Utilizing Language Model for Term Weighting in Text Categorization


Coban O., ÖZEL S. A.

International Conference on Artificial Intelligence and Data Processing (IDAP), Malatya, Türkiye, 28 - 30 Eylül 2018 identifier

  • Cilt numarası:
  • Basıldığı Şehir: Malatya
  • Basıldığı Ülke: Türkiye

Özet

In information retrieval (IR), using language model is an alternative approach to vector space model and other probabilistic term weighting models. The basic principle of the language model is to construct a model for each document and rank the documents by score which is estimated from this model. The score, in this case, represents the likelihood of generation of the query from the given document.

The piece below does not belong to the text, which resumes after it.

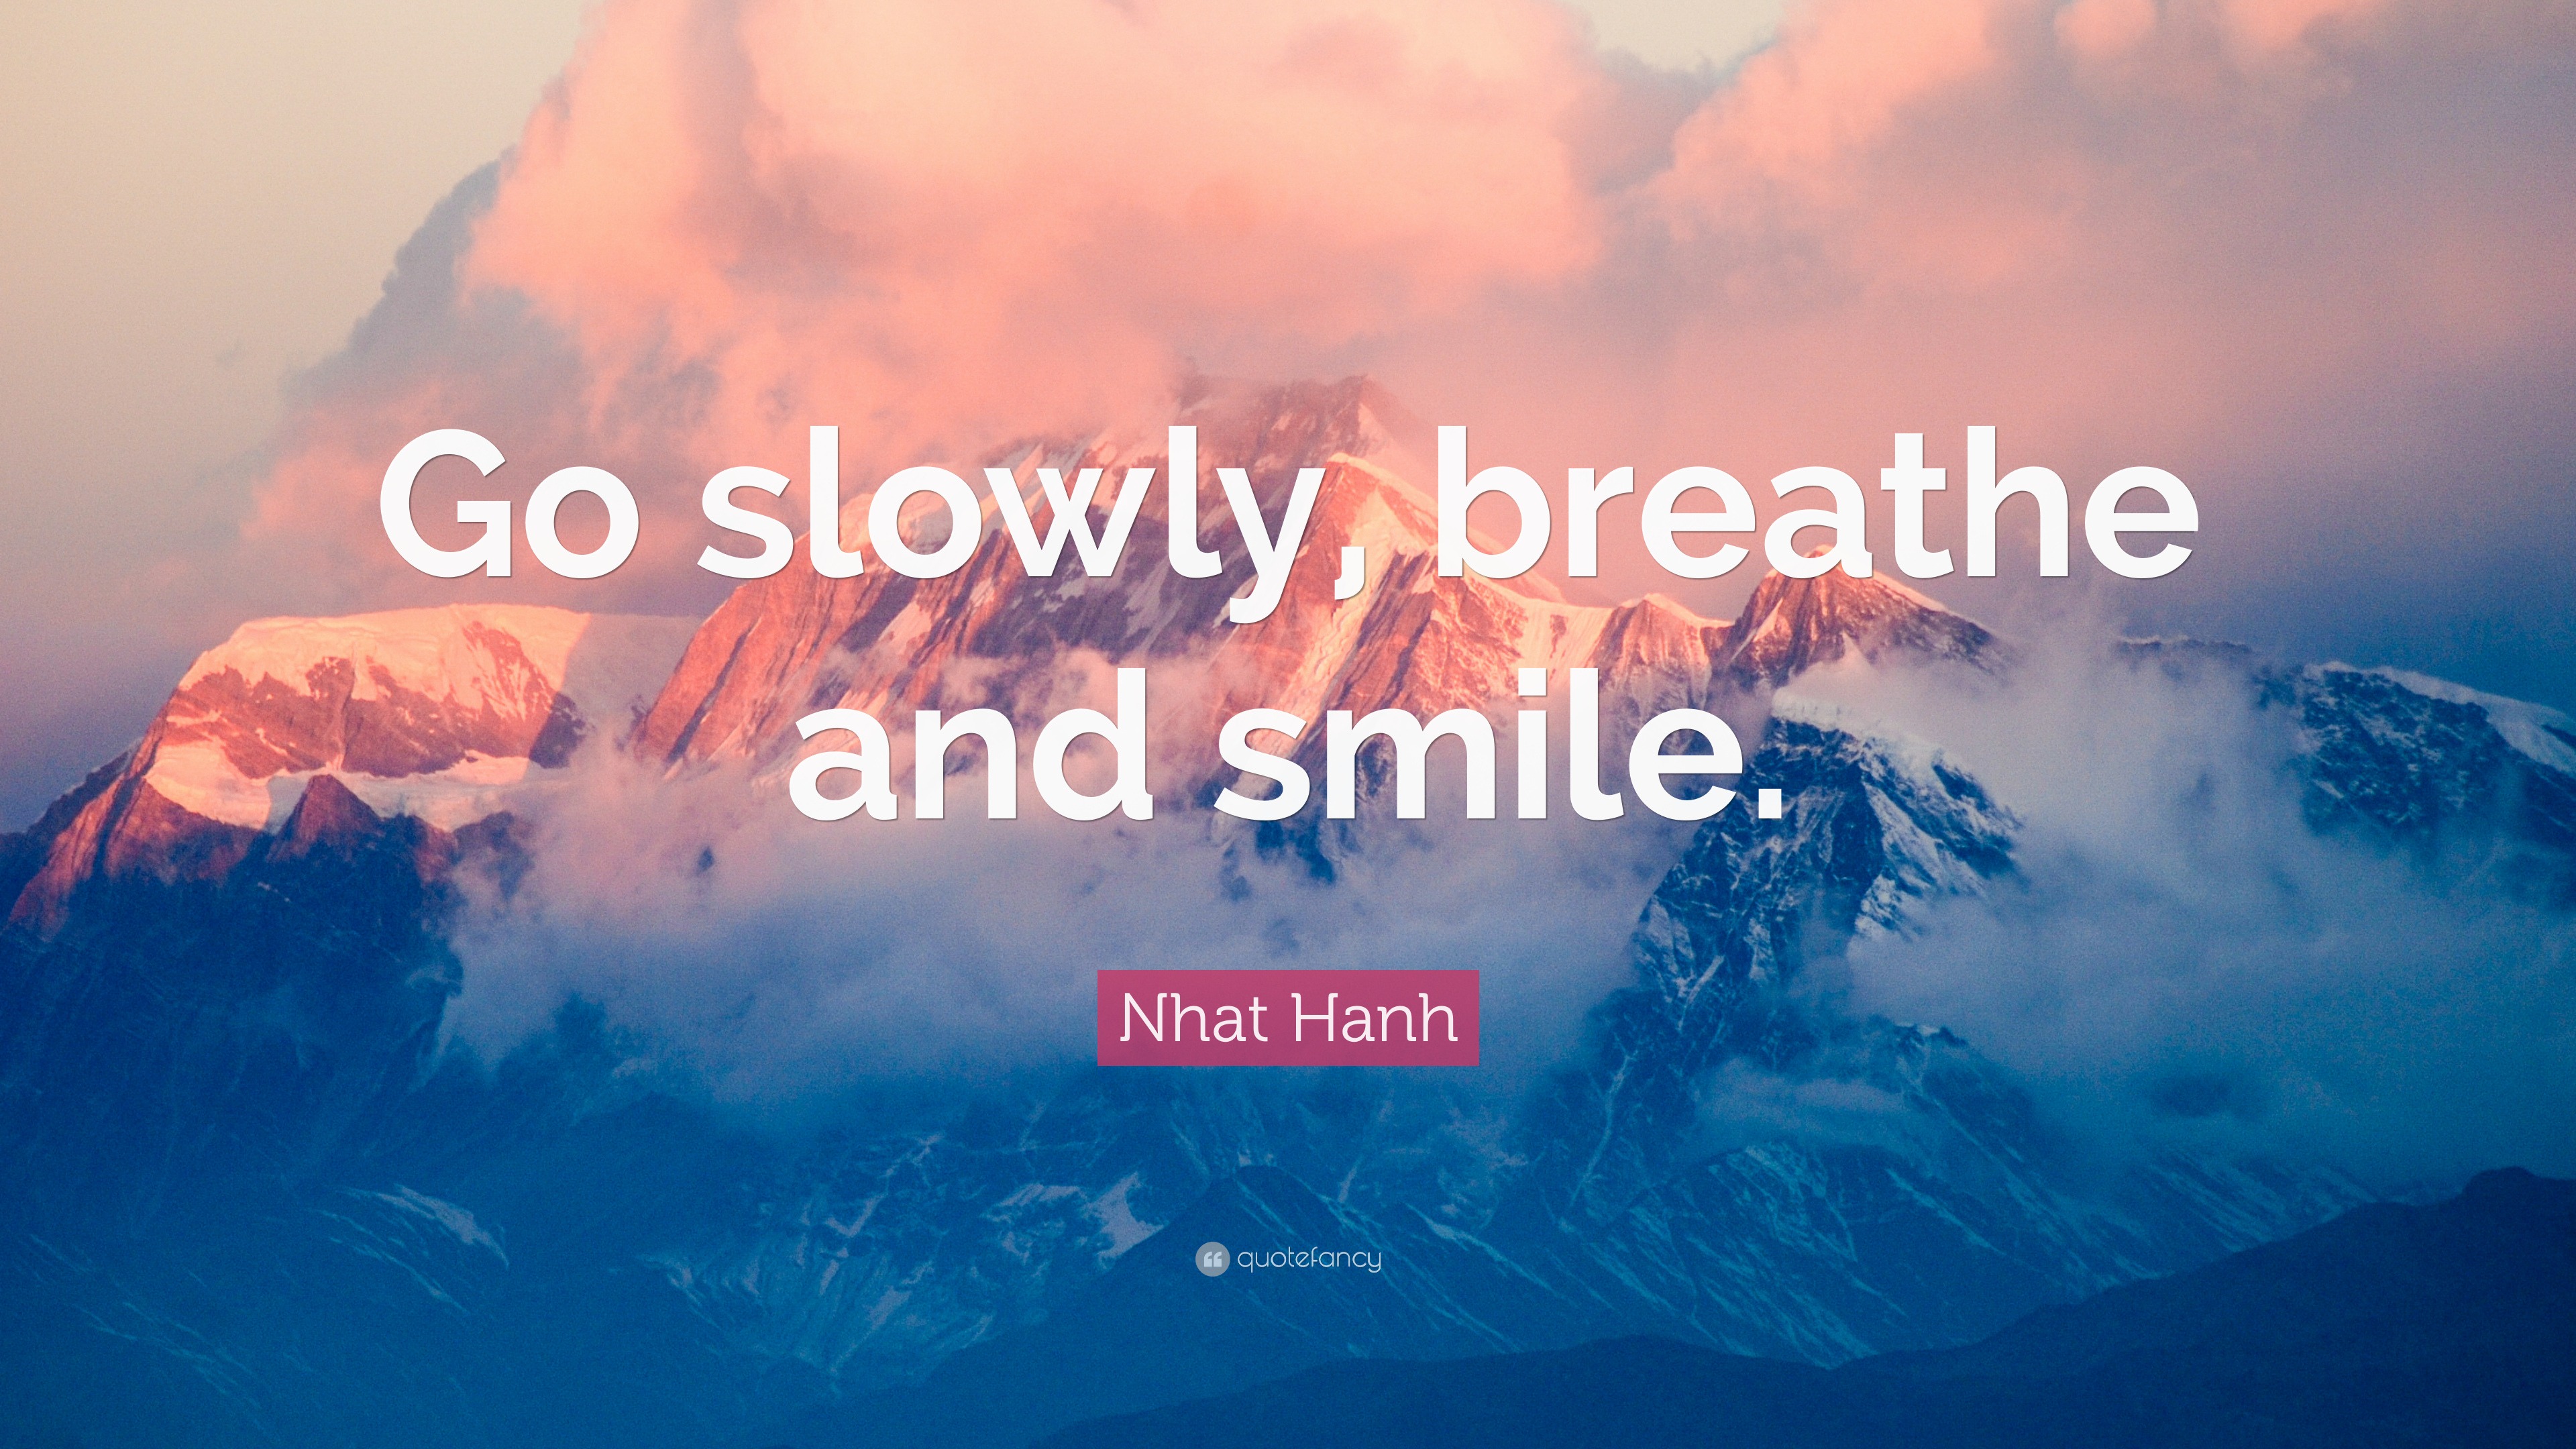 Project Happiness - Smile, breathe and go slowly.~Thich Nhat Hanh  #SundaySoul Challenge: In today's world, we're good at going fast and need  to practice going slow. This is why soulful practices, like

To develop new text retrieval strategies, the language model is an attractive approach with the help of its simplicity and effectiveness. In text classification which employs methods from IR domain, documents are generally represented through vector space model (VSM). The success of the VSM depends on term weighting process that is an important step that corresponds the contribution of a term to the semantics of a text. In this paper, we investigate utilizing language model for term weighting and its effect on text classification performance. We compare the language model based term weighting with several popular and traditional term weighting methods including Binary, TF (Term Frequency), and TF* IDF (Term FrequencyInverse Document Frequency) on three different Turkish datasets. Our experimental results revealed that language model based term weighting generally outperforms traditional methods except from binary weighting.